If you think we have a strong dollar policy and that the FED and Treasury prefer a strong dollar, think again. As Gary pointed out at his Fraudonomics blog:
Although it is not stated in the article, the substantial adjustment in the value of the U.S. dollar will be in the downward direction.
Gary was commenting on a recent Forbes.com/Reuters story:
PARIS, June 22 (Reuters) – An increase in exports is needed for a sustained recovery in the United States and this may require an adjustment in the value of the U.S. dollar, IMF chief economist Olivier Blanchard said on Monday.
‘For the US, it is absolutely no question that a sustained recovery has to come from a large increase in exports, that may not be very easy to do. This may require fairly substantial adjustments in the dollar,’ he told a conference.
A strong dollar will make American goods too expensive for foreigners to import. Therefore, we have to weaken the dollar to increase exports. You may have noticed that many other countries started printing tons of their own currencies as soon as the US started doing it. The reason? They want to make sure their currencies are weak, as well. Otherwise, everyone will be buying American goods as opposed to their’s.
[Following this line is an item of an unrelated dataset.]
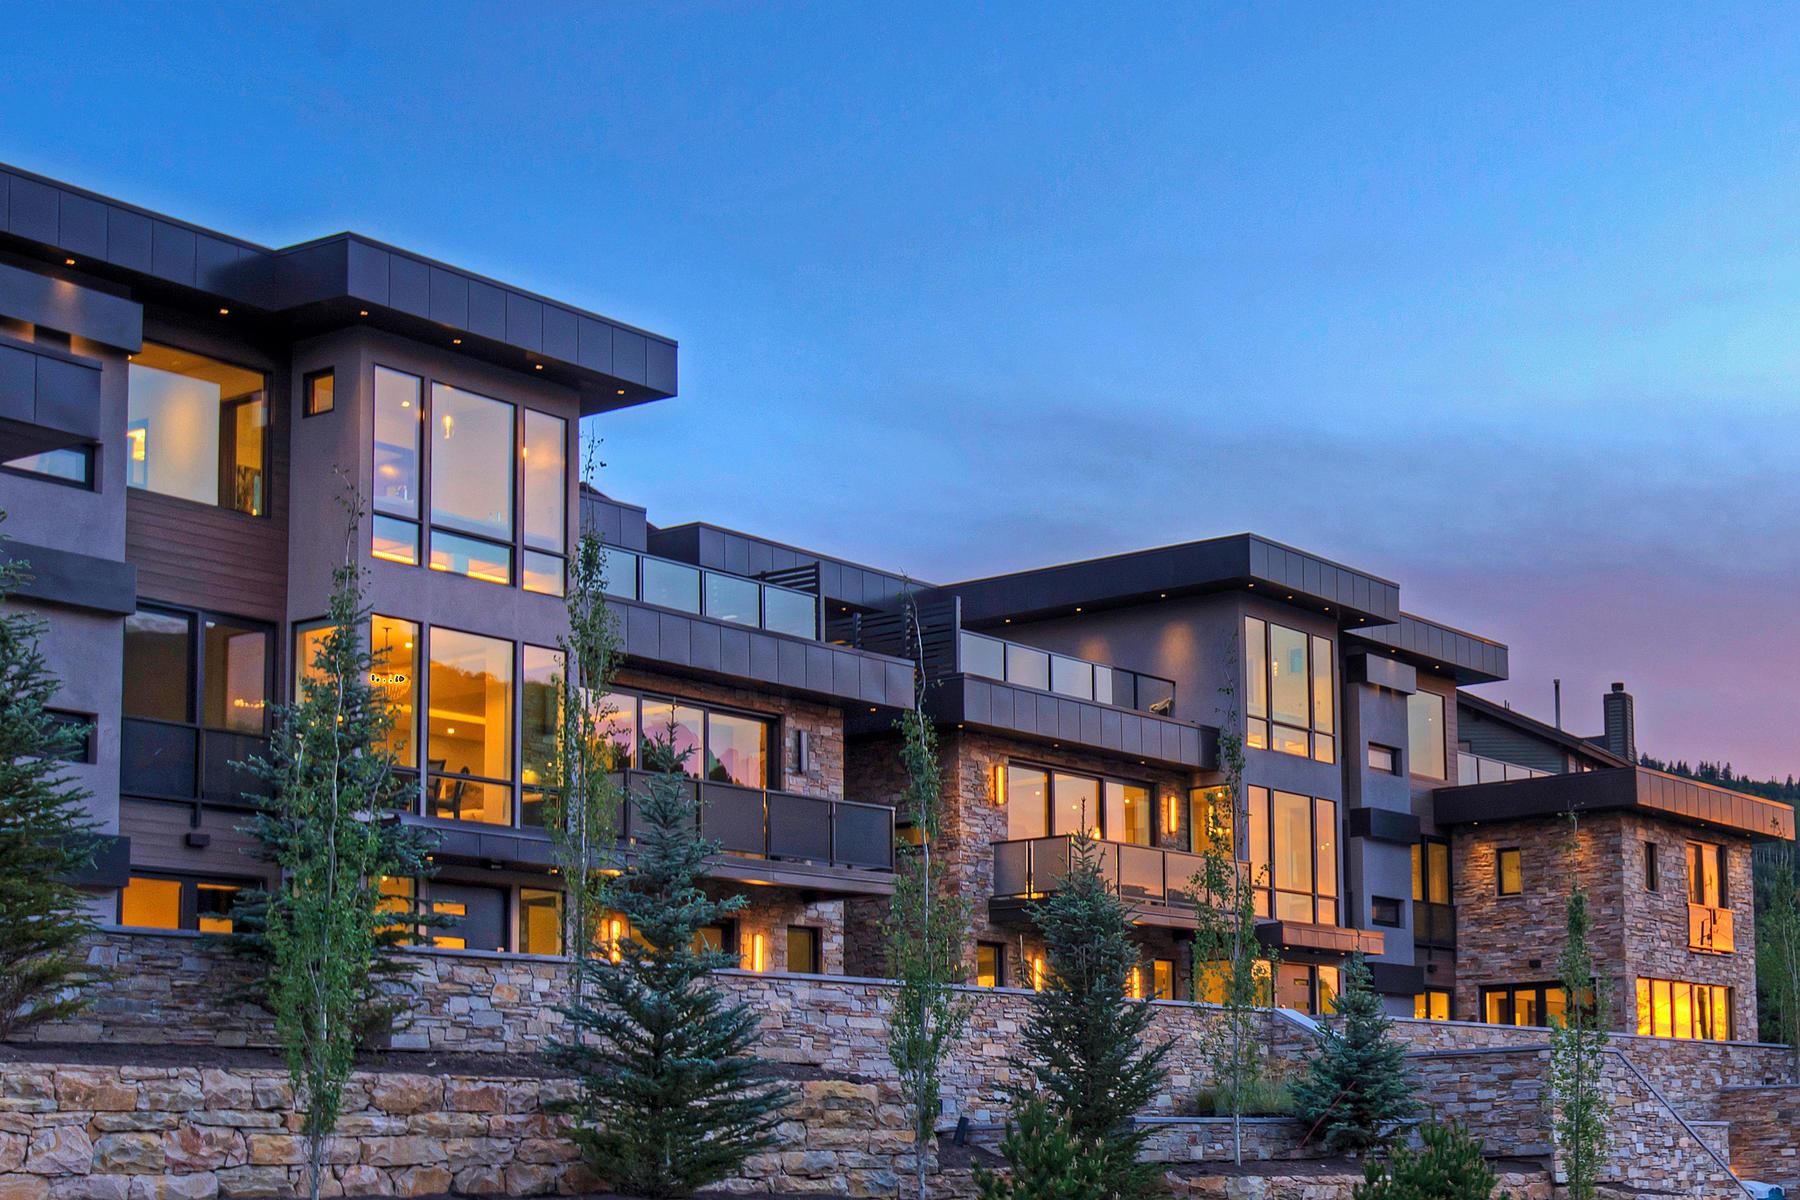 Кондоминиум для того Продажа на New Contemporary Construction in Old Town 300 Deer Valley Lp #D Park City, Юта, 84060 Соединенные Штаты
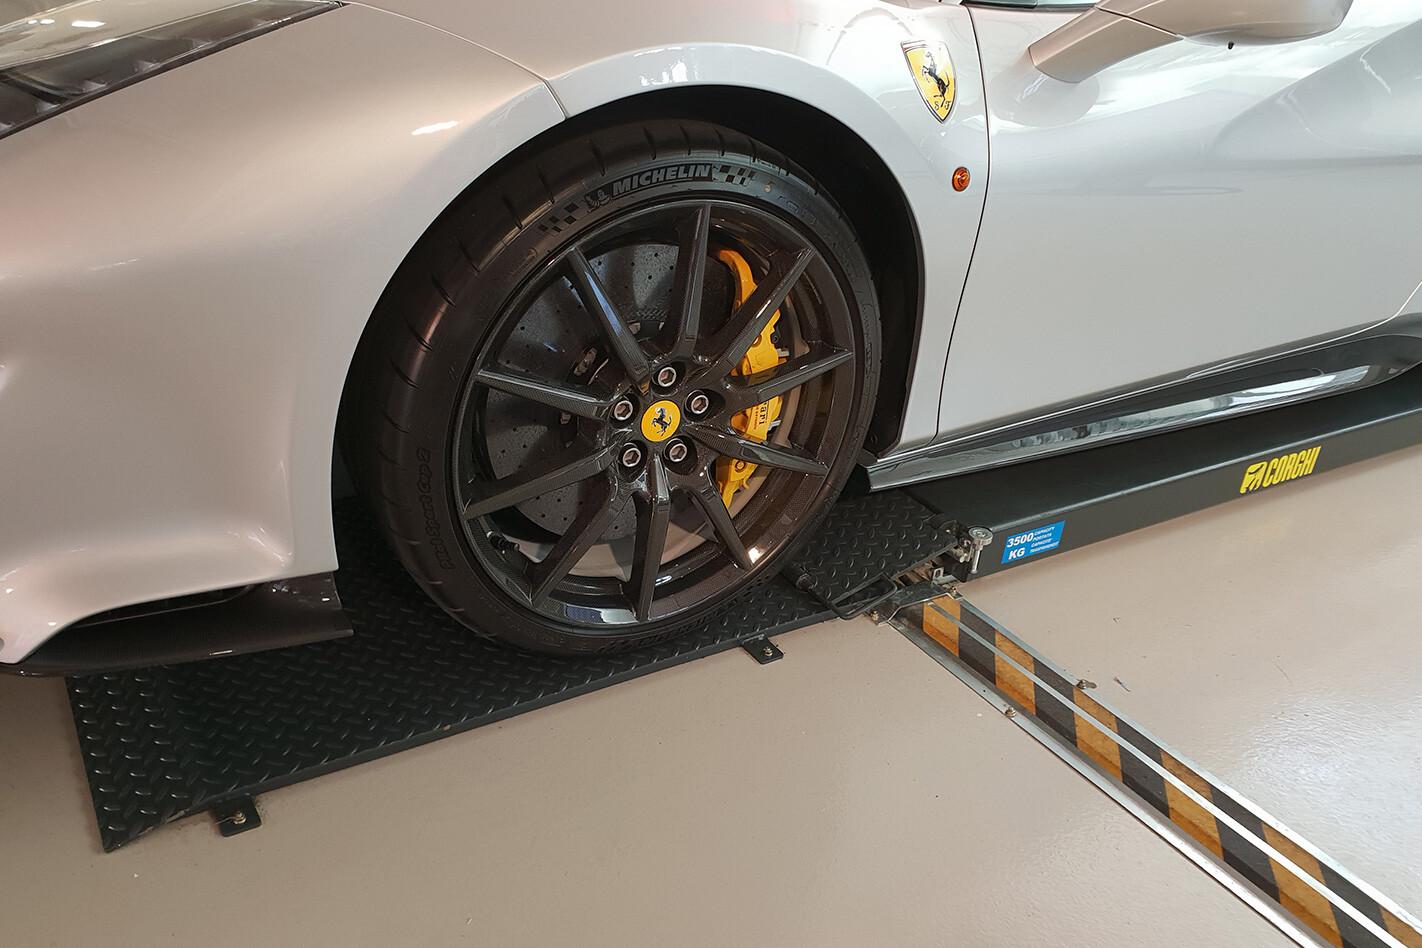 Ferrari 488 Pista Wheel Jpg

This has been described as a new form of protectionism without directly calling it that. We won’t tax incoming imports. We’ll just make dollars so cheap that Americans and foreigners will buy “Made it America” instead of the crap coming out of other countries. (One reason the Chinese have pegged to our currency is so that they can make sure they stay in direct competition with us as we jack around with the Dollar).